The limitation of public space also occurs through what Kiran Chaudhuri, a lawyer at the European Legal Support Center (ELSC), an independent organization defending associations, NGOs, groups, and individuals advocating for Palestinian rights in continental Europe and the UK, calls "defunding", namely cutting funds to organizations advocating for freedom. In this regard, in November 2023, several Italian organizations, like Un Ponte Per and the Association of Italian Organizations for Cooperation and International Solidarity (AOI), signed an open letter about the decision of several European states to suspend and review funding for Palestinian and Israeli NGOs.

Another case of limiting civic space is the implementation of the IHRA working definition, the definition of antisemitism proposed by the International Holocaust Remembrance Alliance, an organization promoting Holocaust remembrance.

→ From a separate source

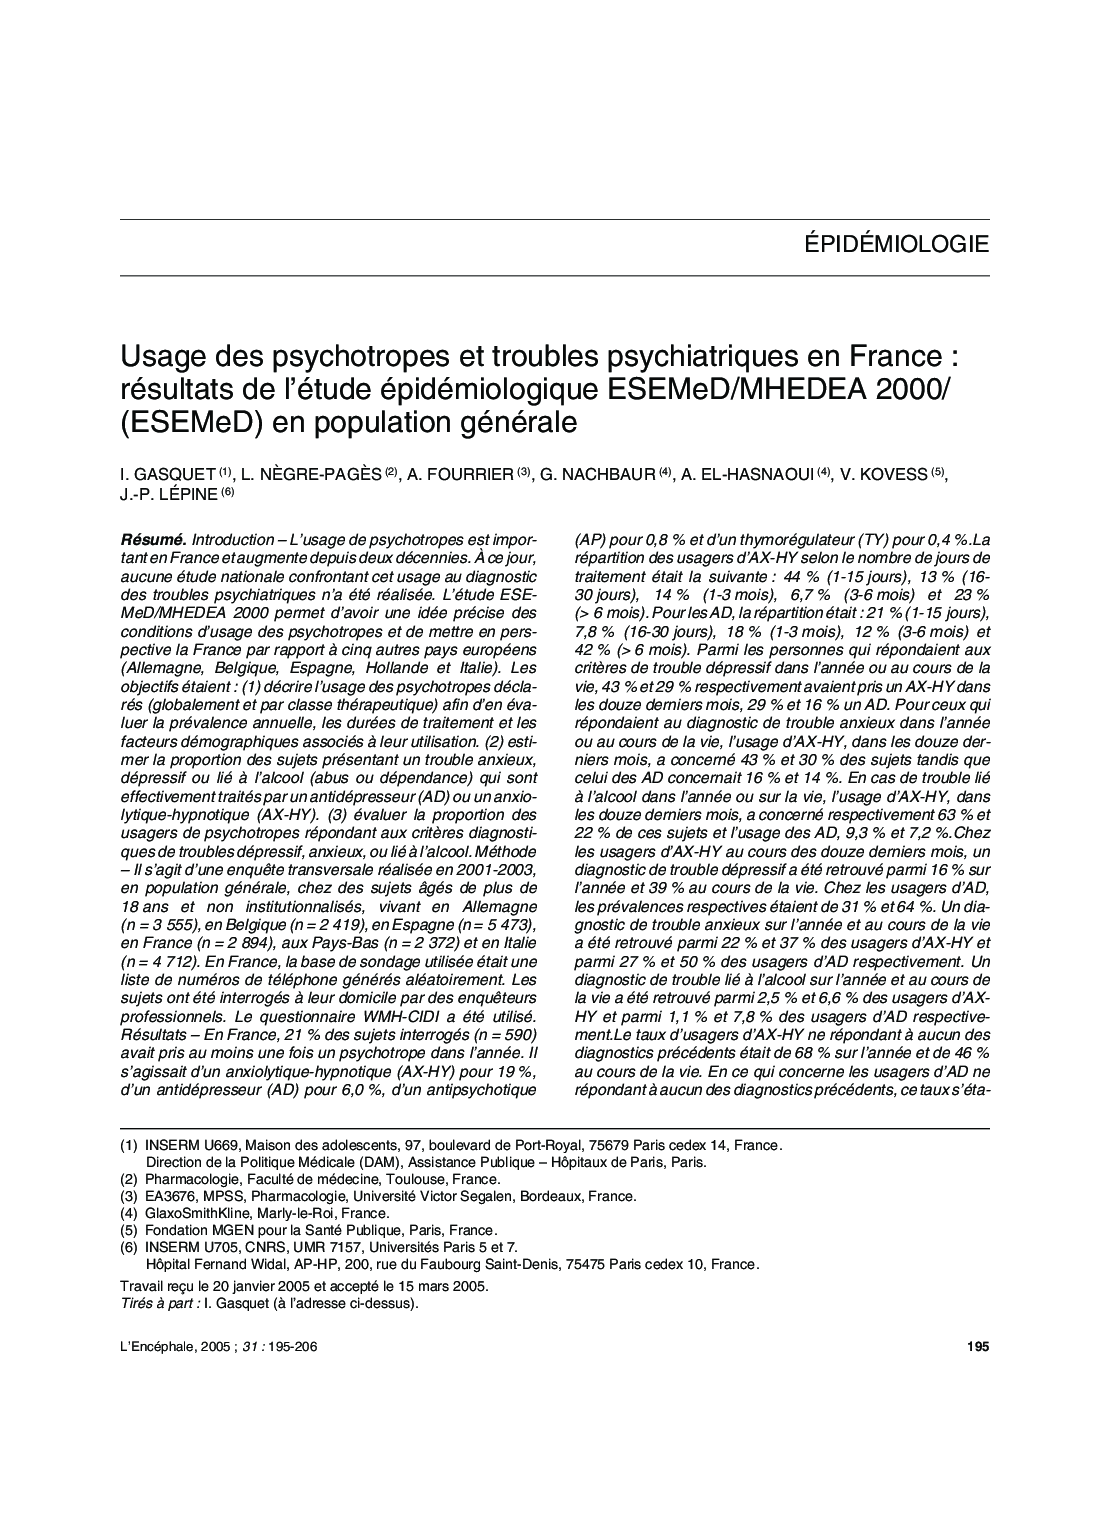 Usage des psychotropes et troubles psychiatriques en France : résultats de l'étude épidémiologique ESEMeD/MHEDEA 2000/ (ESEMeD) en population générale

This definition doesn't merely outline the concept but also provides examples of what attitudes to consider antisemitic. Among these, criticism of Israel as responsible for an apartheid regime and comparisons between Israel's policies and Nazi policies. The IHRA definition is adopted at the national and international levels as a non-binding policy on antisemitism. However, as Chaudhuri explains, "it's often applied institutionally as an actual legislative norm". Chaudhuri cites the case of Germany, where the anti-BDS motion, aimed at countering the boycott, divestment, and sanctions campaign against companies supporting Israel's apartheid policy, remains at the national level.

Other ways to silence dissent include the use of defamation campaigns and terrorism charges, based on often vague counter-terrorism policies that target individuals and organizations critical of Israel's state policies. All of this risks generating the so-called Chilling Effect, namely the fear of exercising one's right to expression caused by policies, practices, or laws resulting in formal consequences (sanctions, legal actions) or informal ones (threats, attacks, defamation).


The legal perspective.


The right to be informed also involves access to public administration documents. Without documents that, by law, should be in the public domain, citizens cannot be informed. "Limiting access to information is a cultural strategy: it's better if people don't know and don't see, because otherwise, someone might ask questions," explains Veronica Dini, a lawyer, civil mediator, and owner of the Dini-Saltalamacchia law firm, assisting activists, environmentalists, and local communities affected by multinational corporations, among others. "The problem also lies in access to justice: the costs to file these requests make this right an exclusive and undemocratic field."

Often, reference is made to the right to privacy to block citizens' access to justice. As Dini points out, "the privacy supervisor is targeted with requests promoted by municipalities intending to block citizens' and associations' access to documents because there's a right to privacy. But when it comes to the environment, territorial governance, and human rights, privacy is not much involved".

Dini argues that all these actions are "social control tactics and examples of enemy criminal law", where enemy criminal law refers to a parallel and separate track of criminal law with a different level of guarantee because it doesn't address ordinary citizens but rather targets whoever is identified as the enemy within society.

So, how to protect oneself? "Now more than ever, it's essential to reclaim democracy as a plural and conflictual system," asserts the lawyer. "Expressing our opposing voice is a right. Social conflict should not be repressed but is crucial because it exerts control over power."

Beyond exercising the right to criticism, it's essential to unite, rebuild communities, act synergistically, forming a common front of journalists, activists, lawyers, citizens, and defenders of civil society, reducing flags and activating actions for the common good, such as freedom of expression, the right to criticism, and the right to be informed.